The smaller daughter, a frilly little girl whose role in life was evidently to counter her older sister’s gloom, took Ralph’s hand and patted it as she bent into a mini-curtsy.
“Hello, Daphne,” Ralph said. “We’ve never met, but your mother told me about you. I’m your cousin, Ralph. Have you heard of me?”
“I’m Daphne!” she said, quite as if he hadn’t spoken. “Pleased to meet you. The sad girl is my sister, Beatrice. You drove in with Cecil. Those are Daddy and Mummy. I’m seven.” Daphne leaned closer and sparkled. “Some lady Daddy used to know died. And that dead lady, she’s Beatrice’s real mummy.”
Gert’s husband inserted himself between them. “I’m Gideon Battersby. Remember me?”
“Your parents are Americans, aren’t they?” Daphne asked, peering at Ralph from around her father and pronouncing “Americans” like “Martians.”
“Uncle Gideon. It’s been some time,” Ralph said. He tried to dredge up a memory of this stuffed eagle of a man, but came up short.
“I swear,” Gideon said. “You were only a boy when I last saw you, and now look! I’m sorry I haven’t been over to the States very regularly. I tend to travel to the Far East when I go anywhere. Have you ever been, I wonder?” It sounded like the beginning of a speech, and sure enough, the rest of the family inched away, leaving Ralph alone when he politely answered that he hadn’t.
Gert lifted six silver inches of stiletto heel from the muddy grass, only to see it stab back into the earth when she lowered her foot. “Ooh!” she exclaimed with a twitch, effectively shutting down Gideon’s blooming oration on Indonesian politics. “Let’s go home and warm up. We’ll have some hot chocolate.”
“Yay!” Daphne squealed, taking her father’s hand and clapping it.
The family processed toward the two remaining cars.

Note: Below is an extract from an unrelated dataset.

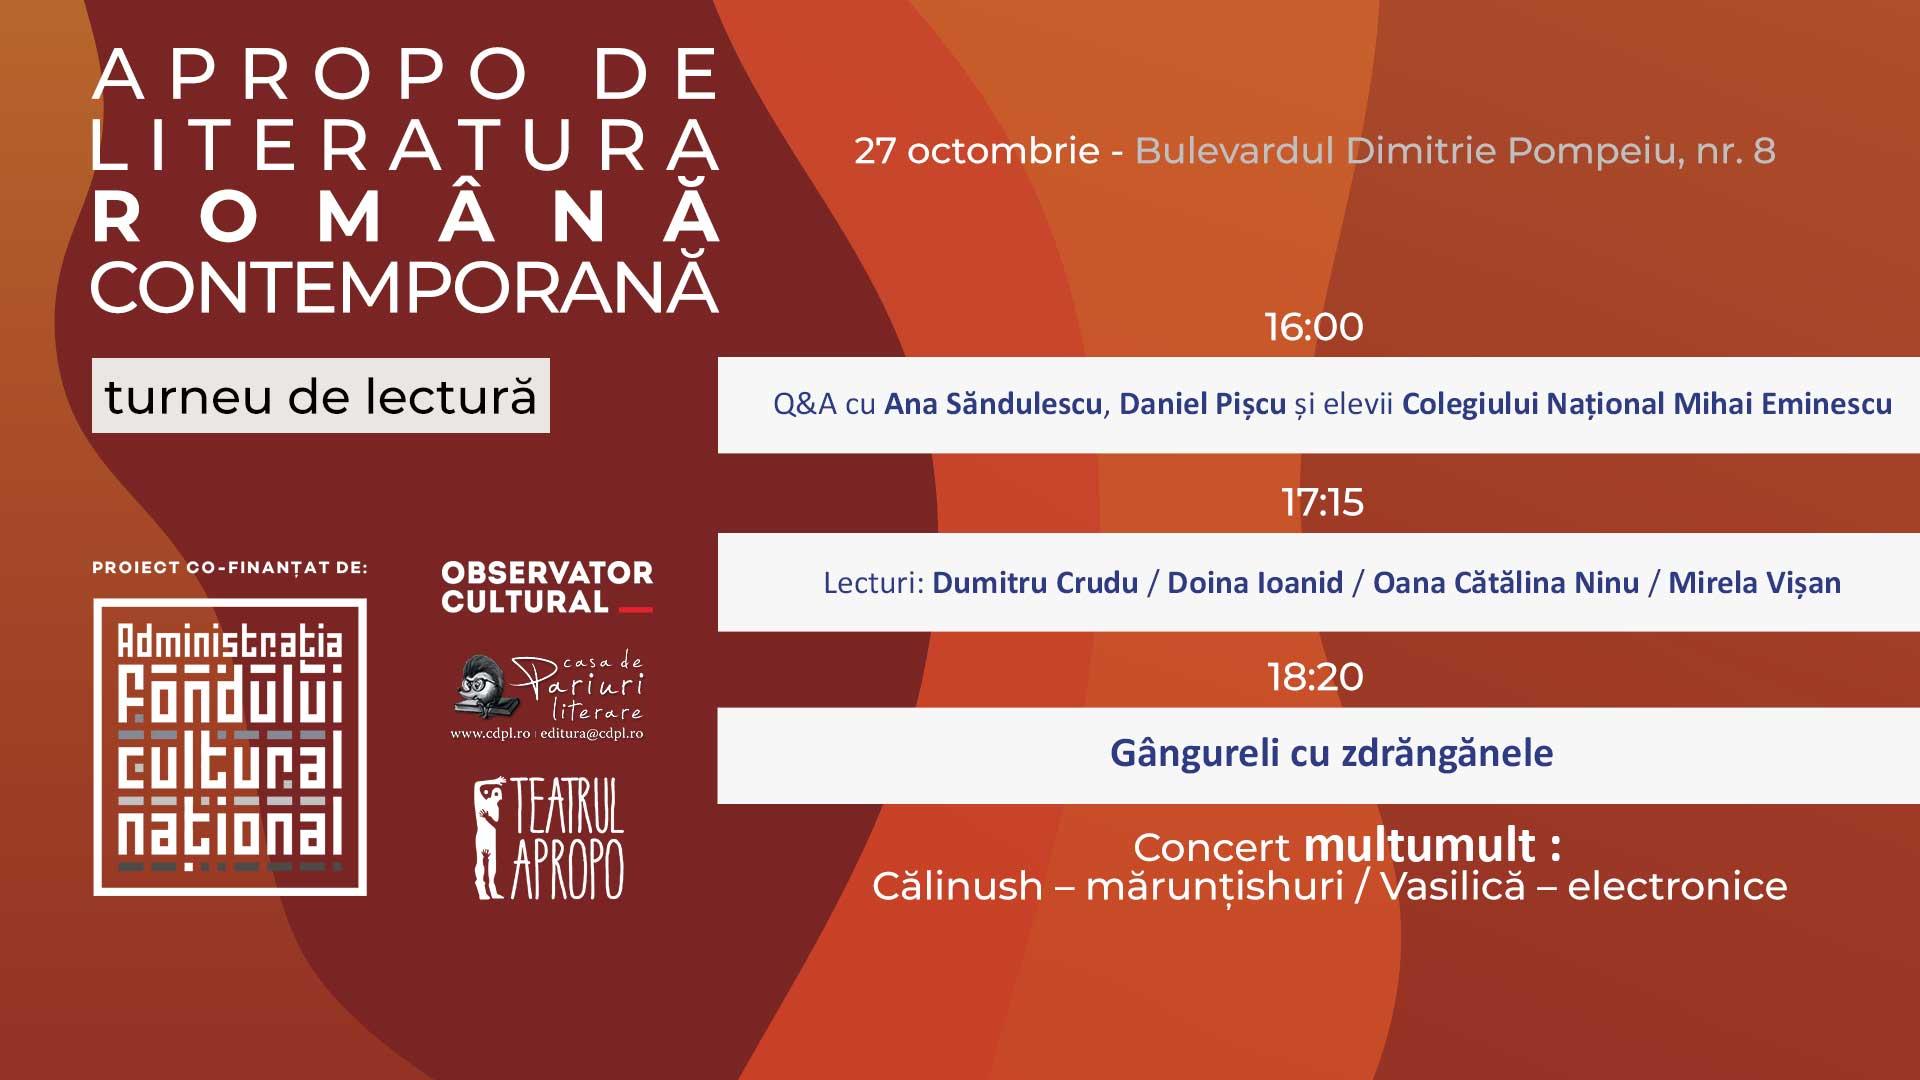 APROPO de Literatura română contemporană (27 octombrie)

Gert and Gideon managed to fold themselves into their vehicle without ever disengaging from Daphne, who hung from them like an oversize pendant. Her dress, Ralph noted as the ruffled seams disappeared within, was all pink crinoline: a Valentine’s cookie.
“Love your sister’s funeral outfit,” Ralph said as he slid into the passenger seat. Cecil was already inside, and the reggae had started pounding its rump poetry again. Beatrice took the back, her chin c
radled on her palm as she stared out the window. Her torso was fully in the seat, but her face was pressed against the door, as though she were split by equally strong urges to exist fully in the car and to dash herself on the road. In her mind, she was writing rhyming verse full of gray adjectives and deep feeling, in which every crow is called a raven.

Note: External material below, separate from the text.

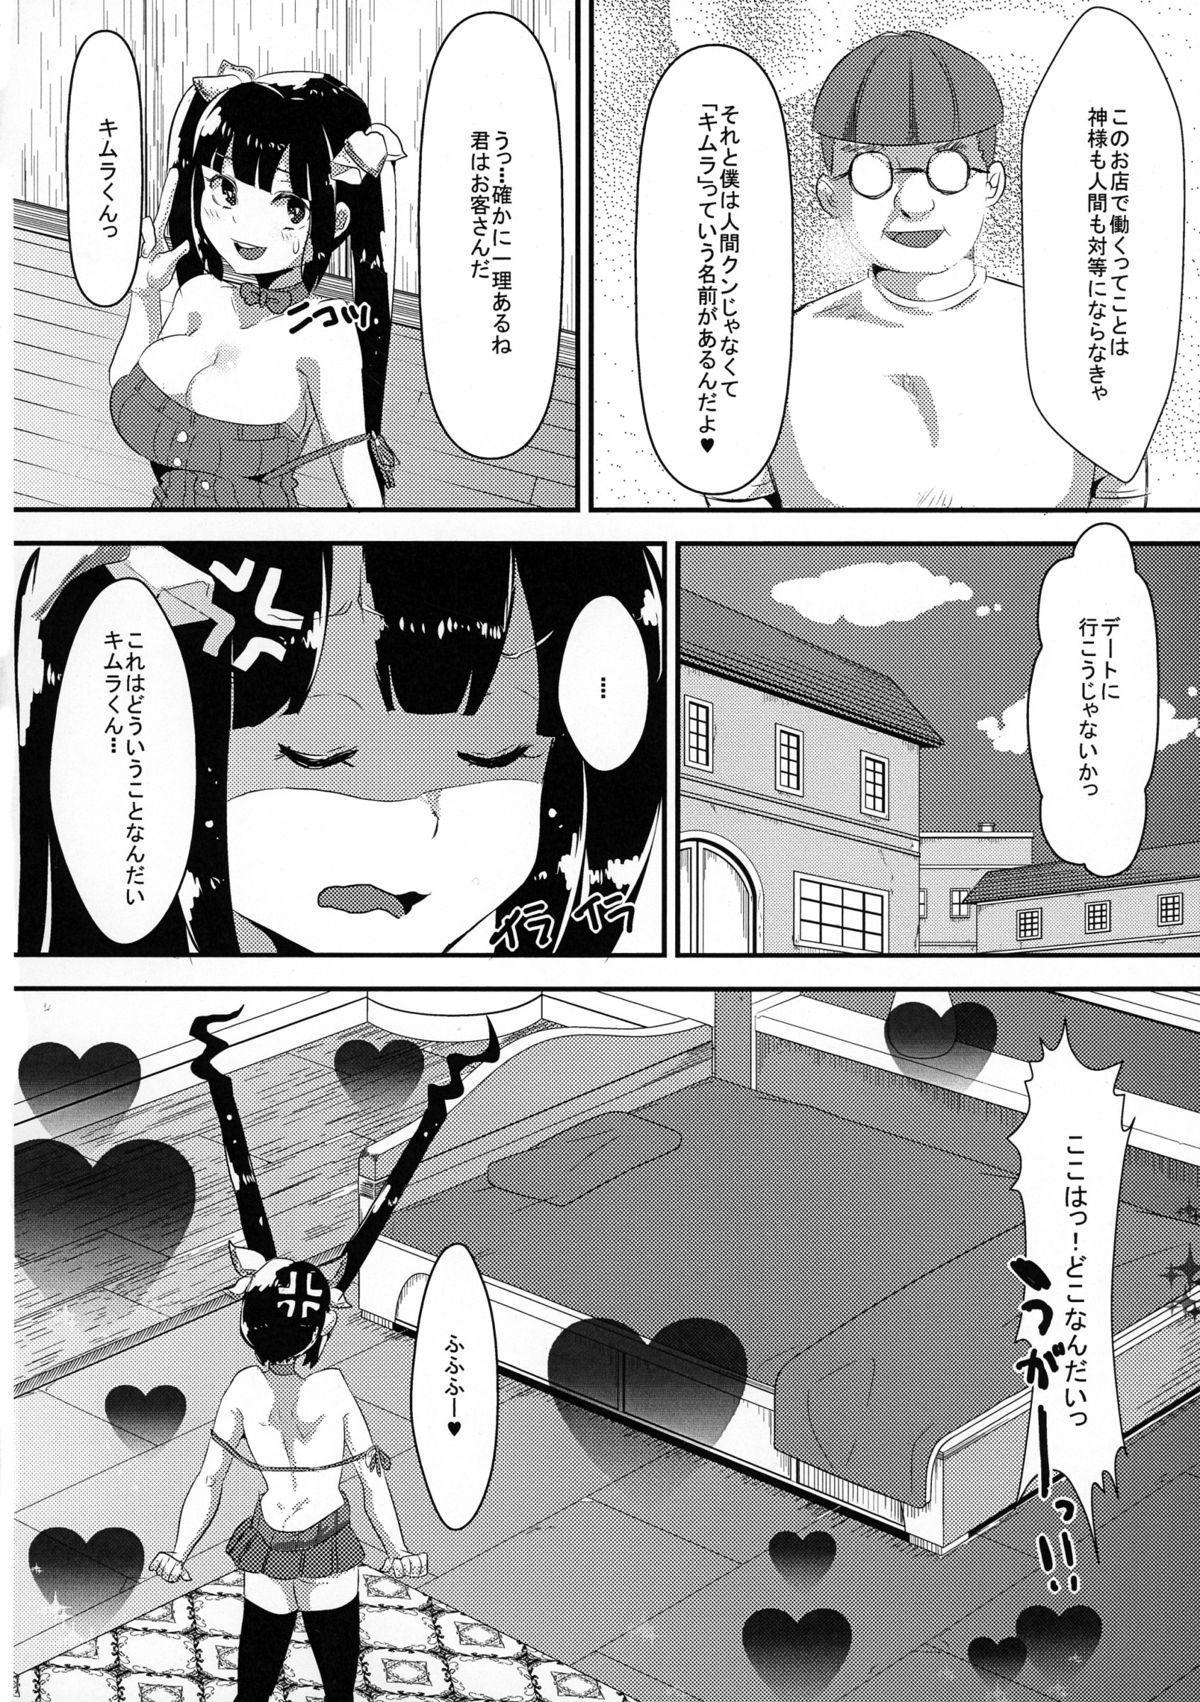 Kamisama ga Seikatsu hi o kasegu Tame ni Ikenai Baito o suru no wa Machigatteiru Darou ka 9

“That princess costume?” Cecil asked. “She bought it from British Home Stores. At first Mother refused to allow it in the house, but Daphne wants to be a princess, and, well, that means Daphne gets to be a princess. She’s got a chip on her shoulder because a lot of her friends actually are princesses. It was all Mother and Father could do to rip her scepter away for the funeral.”
The tides of conversation would have called for Beatrice to speak next. But when Ralph glanced back, he caught her staring at the dingy shopping centers outside the window, her plain face impassive, her marble eyes shining and impenetrable under the sheaves of hair that almost covered her face. Perhaps she was trying to think of a word to rhyme with “anguish.”
“So she wears pink frilly stuff all the time?” Ralph asked distractedly.
“Sleeps in it, too, except when Mother puts her foot down.”
“Well, that’s good,” Ralph said.
Beatrice snorted, her first social interaction for the day.
“Dad had a special room constructed for Beatrice in her wing,” Cecil continued mutedly, after swerving around a loping tractor. “It’s got all her books. She’s big into trilogies with yellowed pages. She’s a total dork. Aren’t you, Ugs?” Cecil glanced at her and turned up the music. “I think she really wants to be the characters she reads about.”